In an age when great shortages of skilled tradesmen have led to successful careers being abandoned in favour of retraining as plumbers (that seems to be the most popular), it is good to hear of a local plumber employing his first female apprentice plumber (-ess?). It is unfortunate that fashionable thinking has led to the abandonment of the old-fashioned apprenticeship in favour of (often) pointless degrees which lead nowhere. Both master and pupil are FPs. The master plumber is Robert Walker (mid 1960s) and the apprentice is Debi Glen (2003). Debi scored top marks in her first set of exams.
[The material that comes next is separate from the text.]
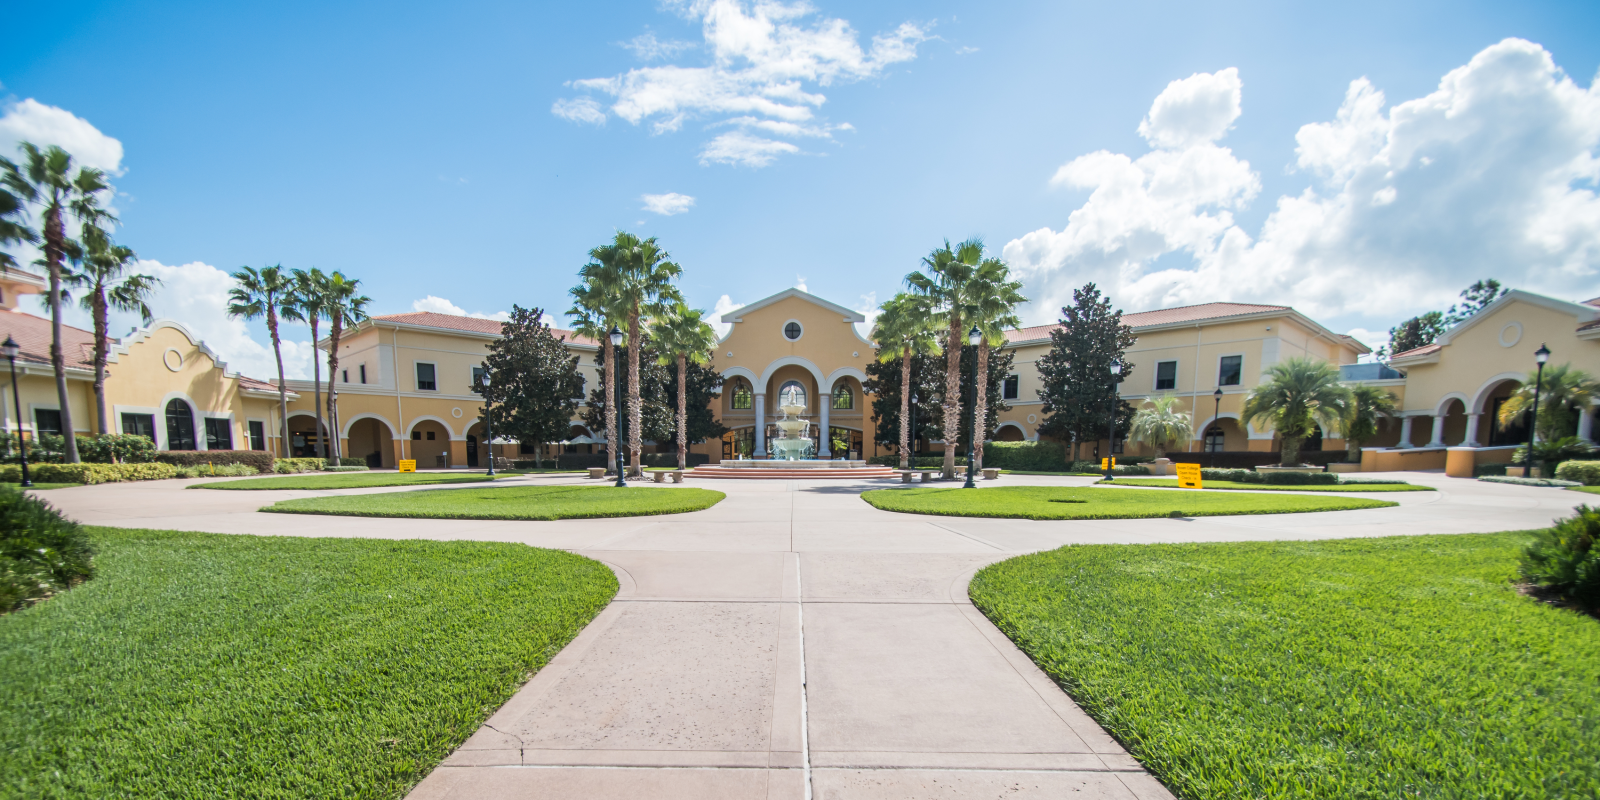 Exterior image of the Rosen College courtyard.

Ron Walker was born in Perth and brought up in Newburgh in Fife. Educated at Bell-Baxter High School, Cupar, he was given his first piano lessons by Miss Georgina Gorrie, a well-known and much admired piano teacher in that area. Following her advice, Ron went to the Royal Scottish Academy of Music in Glasgow, where he studied piano under Wight Henderson, giving several recitals in Glasgow and the West Coast area.
It was in Glasgow that Ron's interest in conducting first took off, and he had lessons from some of the Academy's staff, working with them in rehearsals of the orchestras.
Ron soon became a great admirer of one of Scotland's best conductors of the 20th century, the late Bryden (Jack) Thomson. He first met Jack Thomson in 1963, and received innumerable tips on conducting. On Jack's advice, Ron went to London where he had several lessons from Colin Metters, Professor of Conducting at the Royal Academy of Music.
He has also studied at the world famous Canford School of Music under the tutelage of the international conductor George Hurst.